■ WHAT YOU ARE ASKED TO DO: Nothing but the lines from the top of the data to the line holding "10 Super Ways" should be printed, word for word and both ends included; leave the pictures out.

■ COLLECTED DATA:
-------

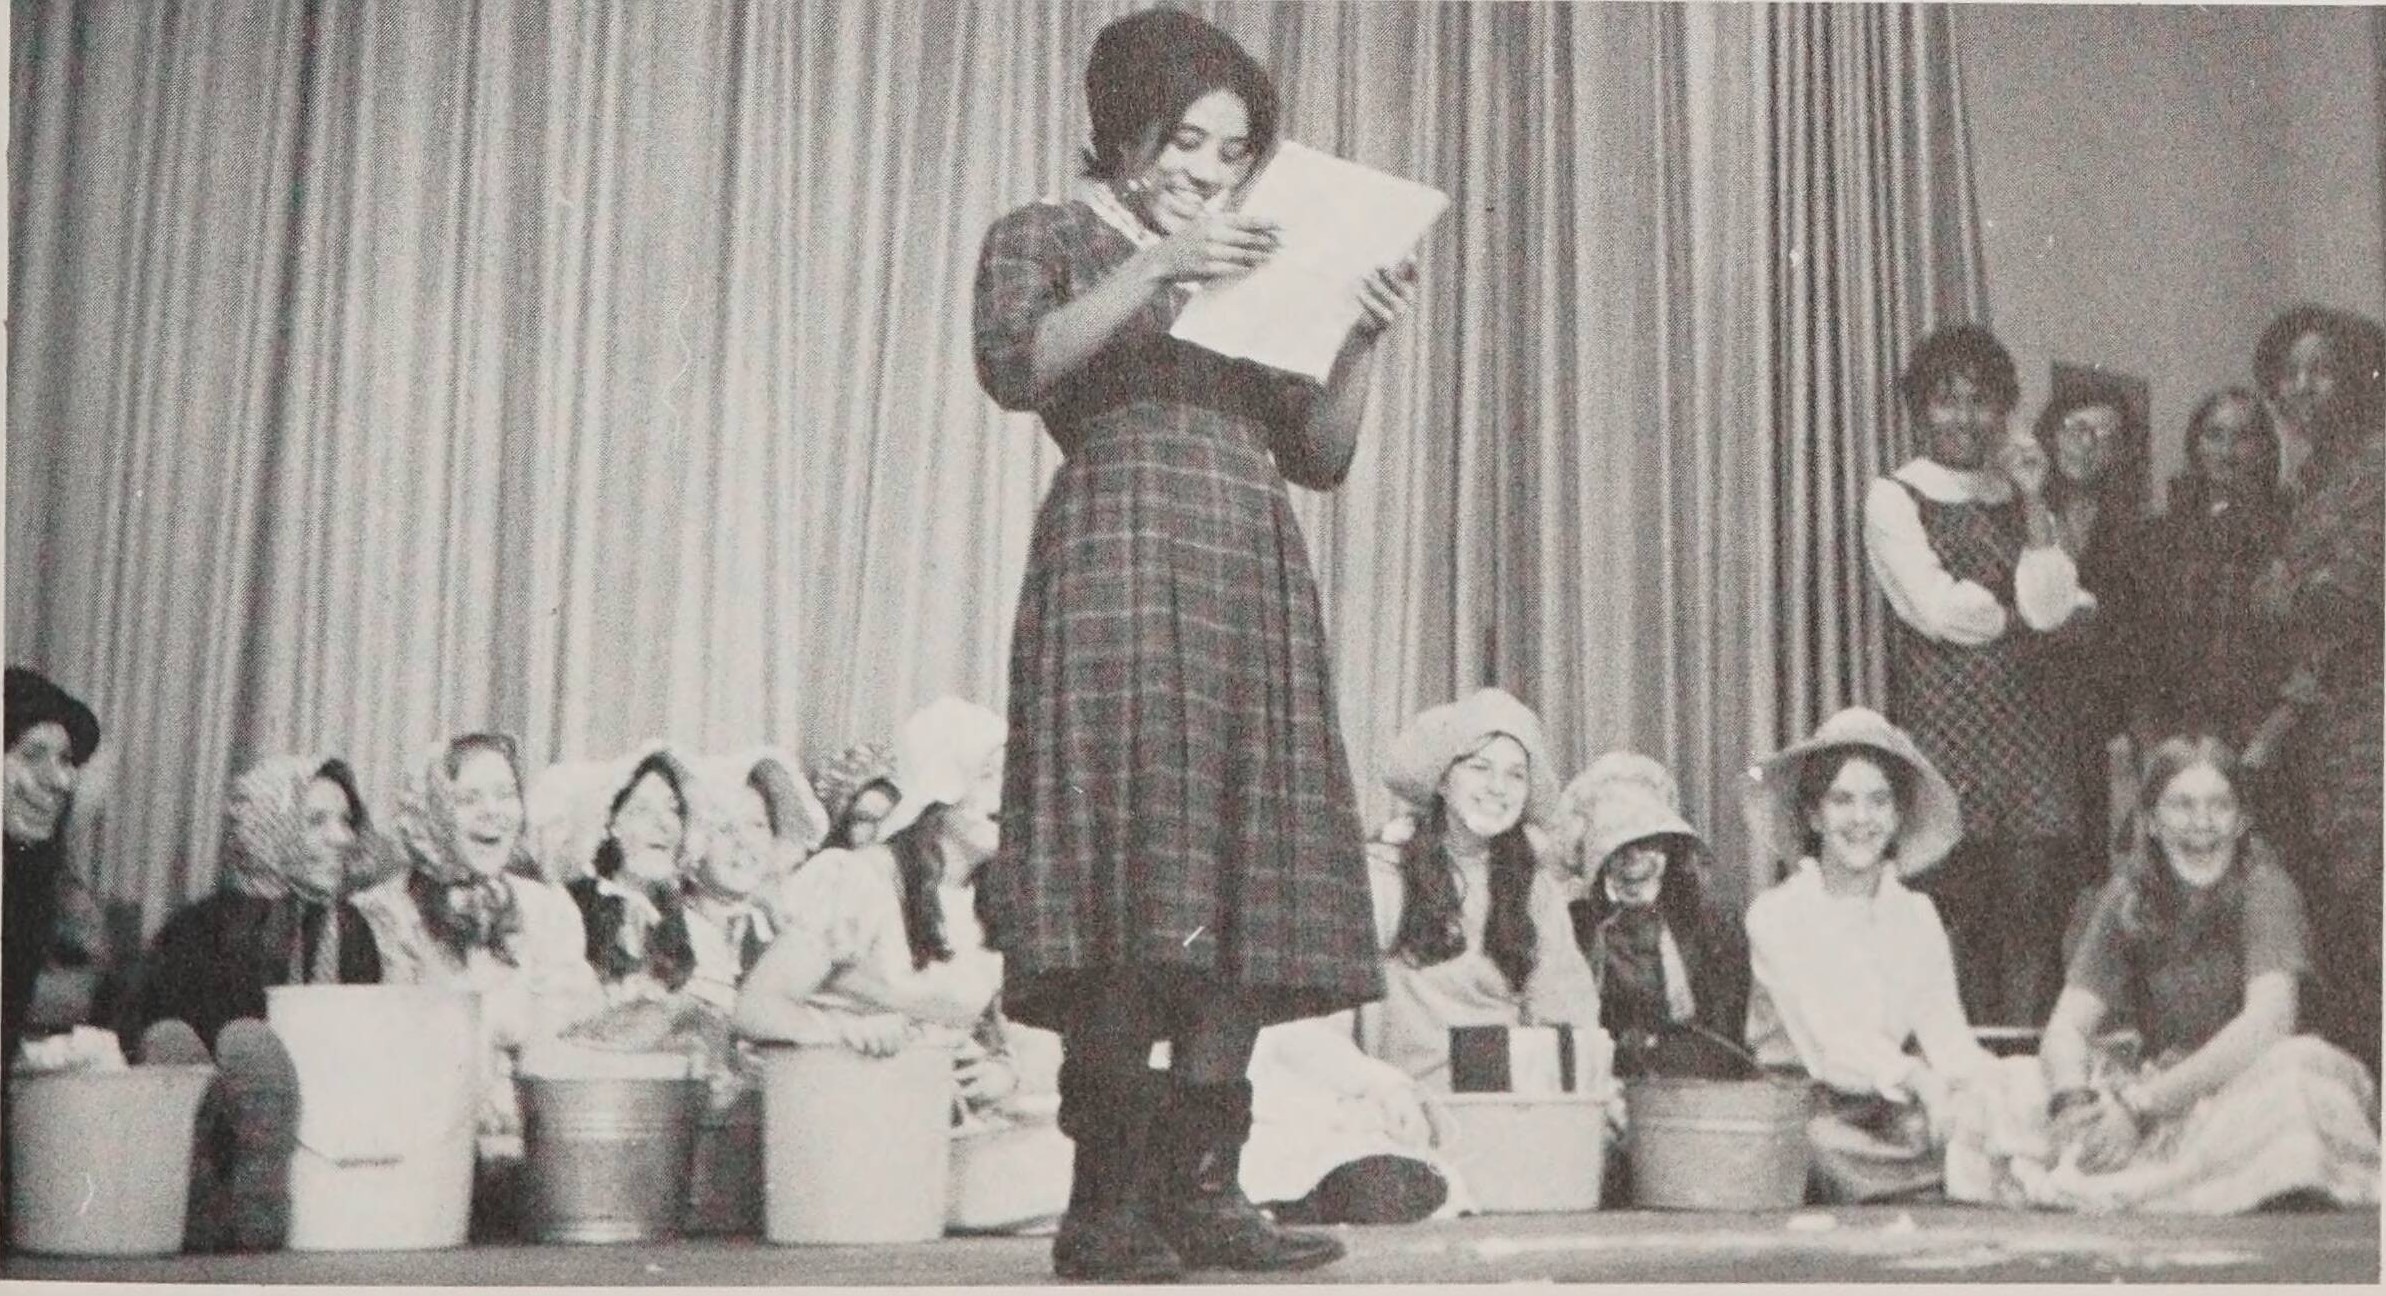 Teenagers on a stage for the F. H. A. initiation. One teen is in the center of the stage holding a piece of paper while others sit behind her with water pales and bonnets on their heads.
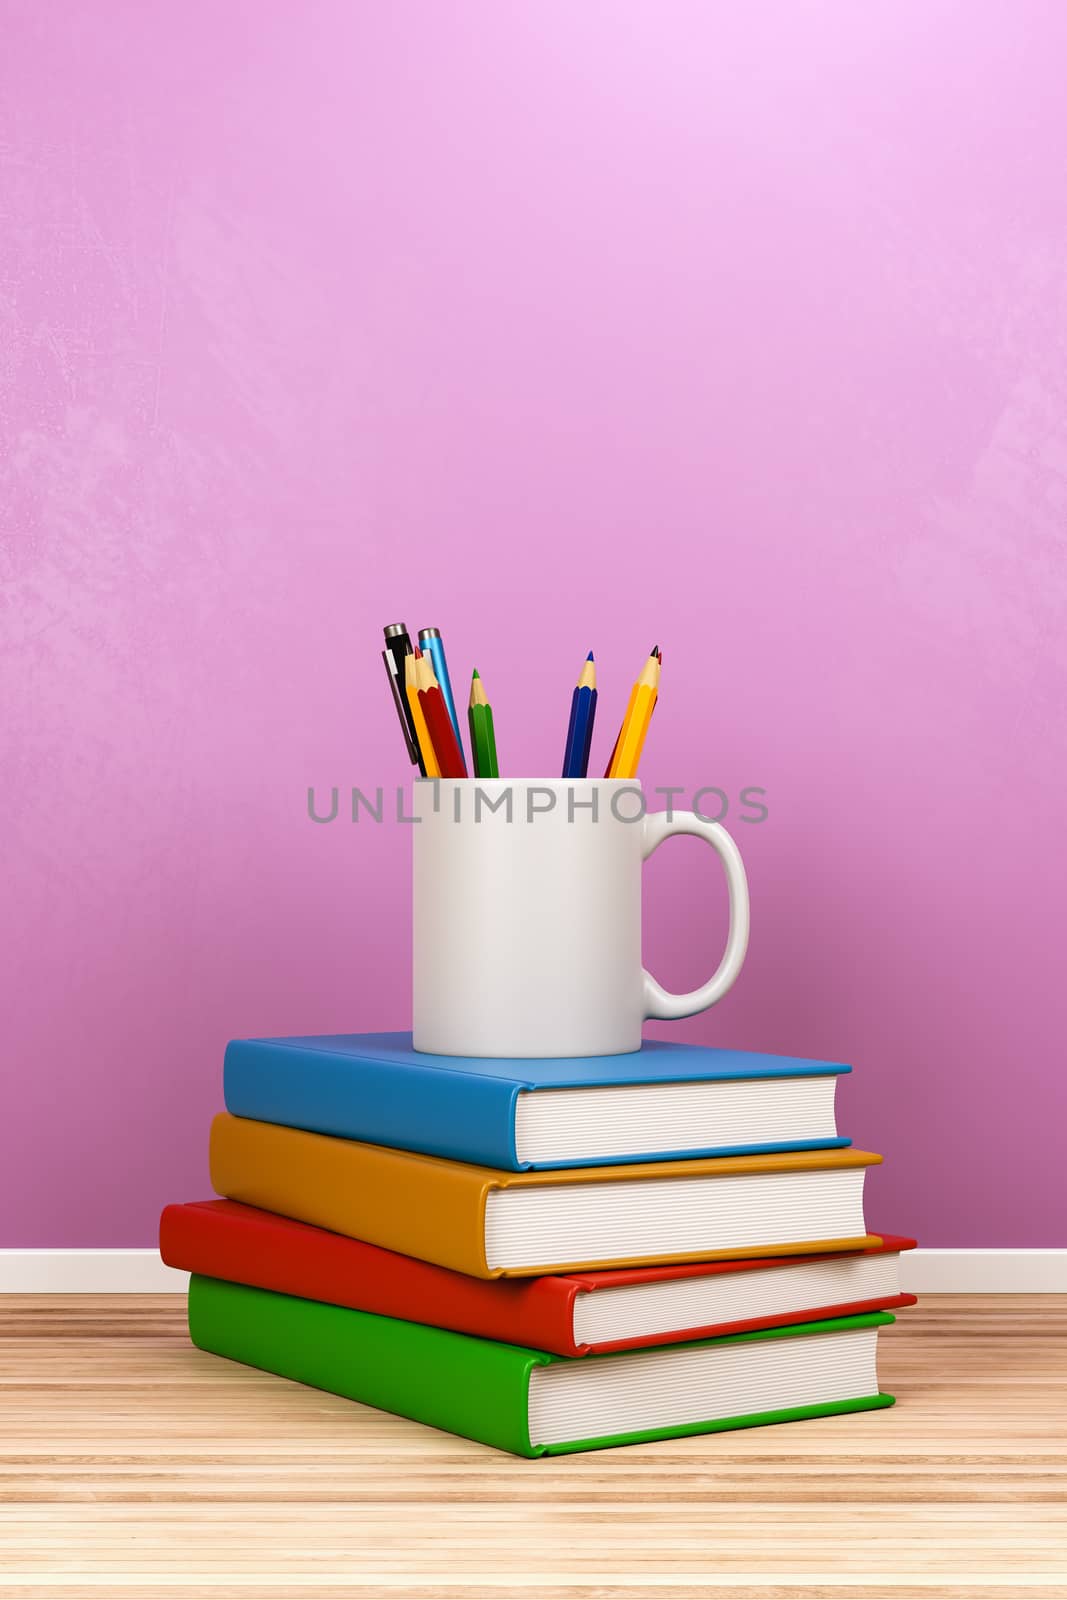 Stack of Books and Stationery Supplies on Wooden Floor in the Room with Copyspace 3D Render
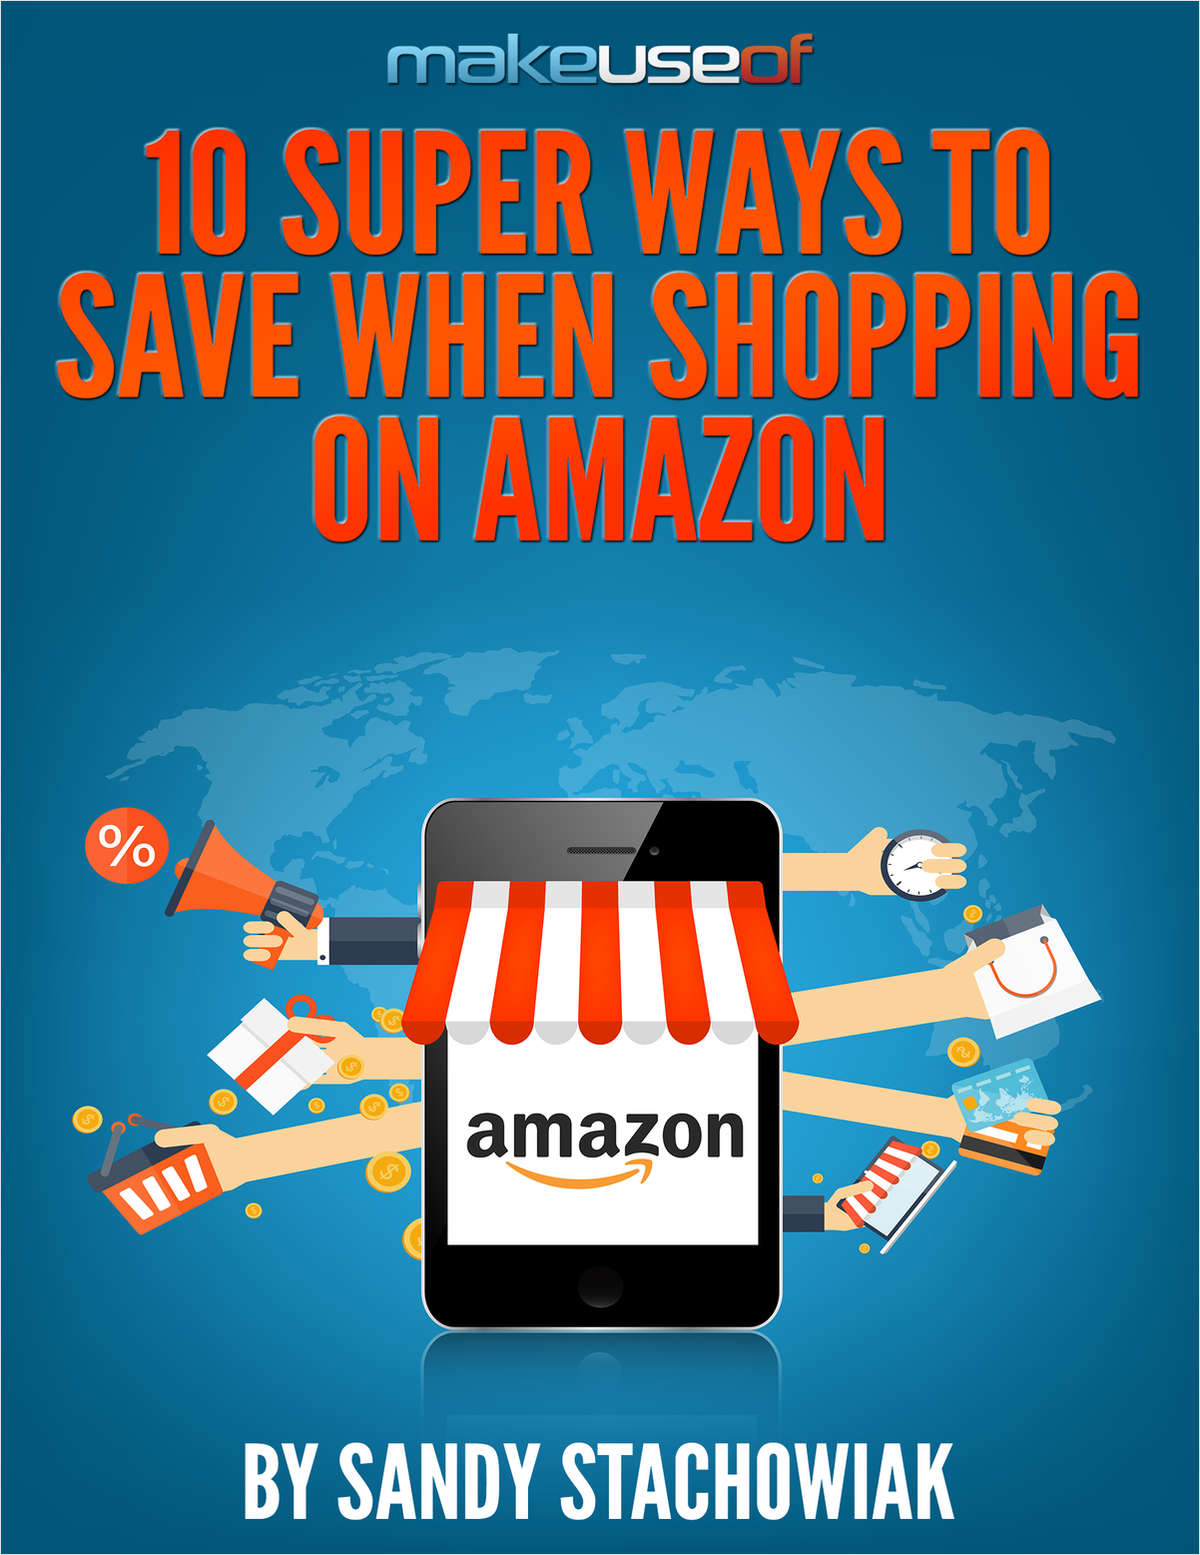 10 Super Ways to Save When Shopping on Amazon
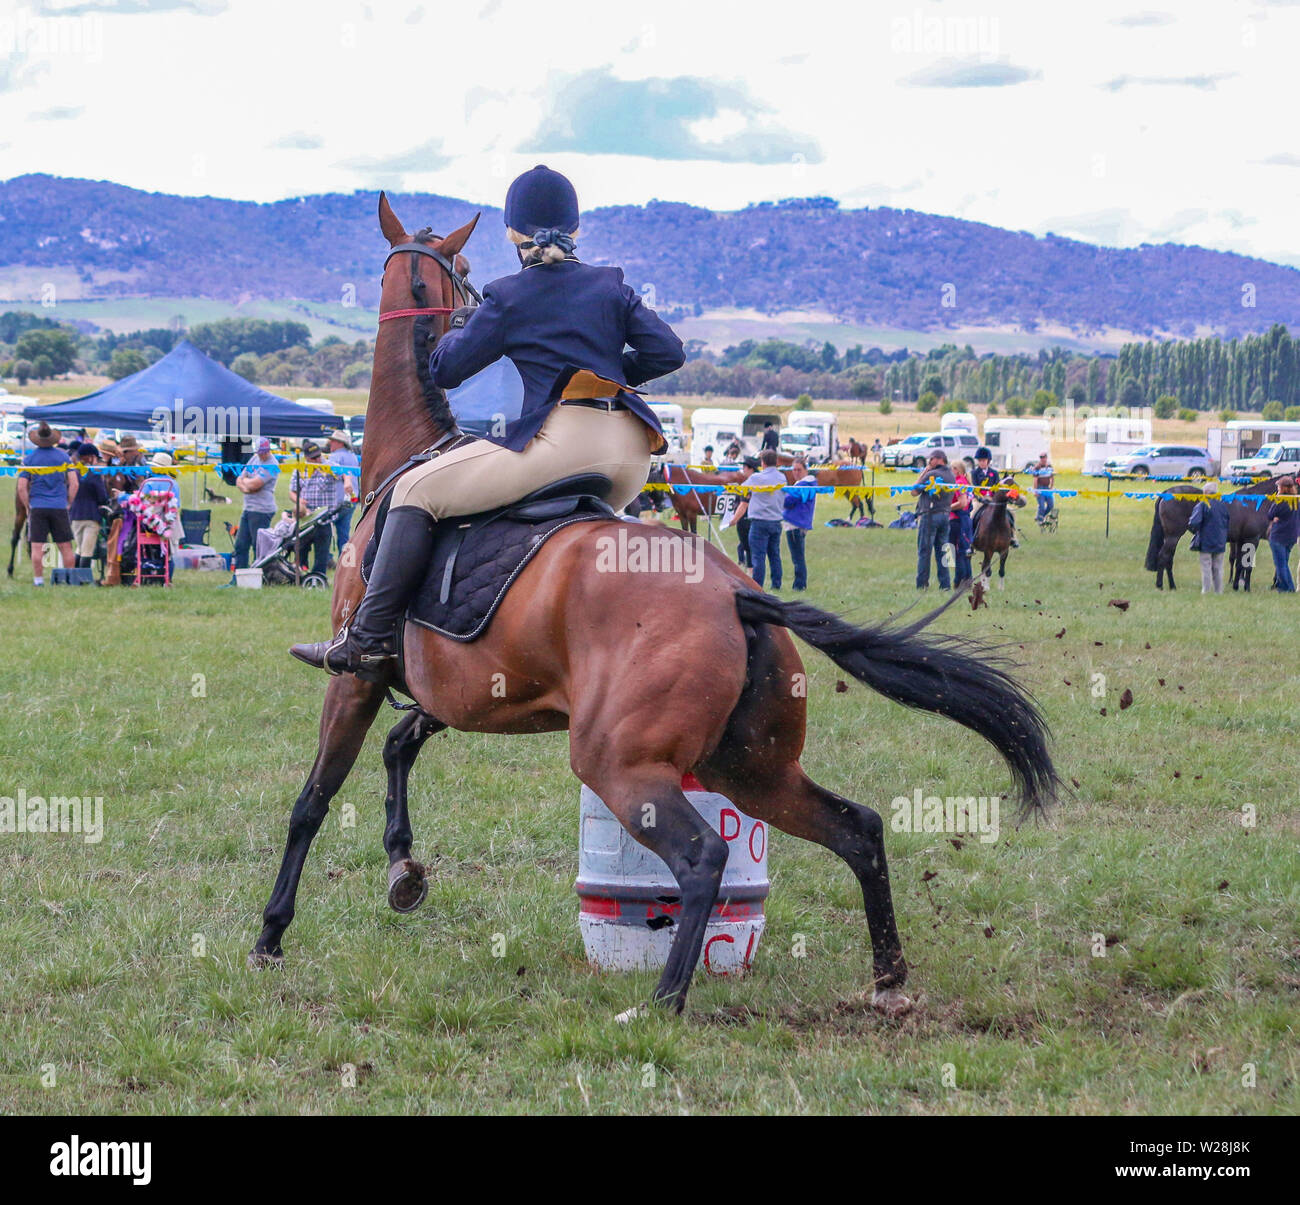 Barrel racing at Bungendore Show in New south Wales, Australia Stock Photo

-------

■ COMPLETED EXERCISE:
 Teenagers on a stage for the F. H. A. initiation. One teen is in the center of the stage holding a piece of paper while others sit behind her with water pales and bonnets on their heads.
 Stack of Books and Stationery Supplies on Wooden Floor in the Room with Copyspace 3D Render
 10 Super Ways to Save When Shopping on Amazon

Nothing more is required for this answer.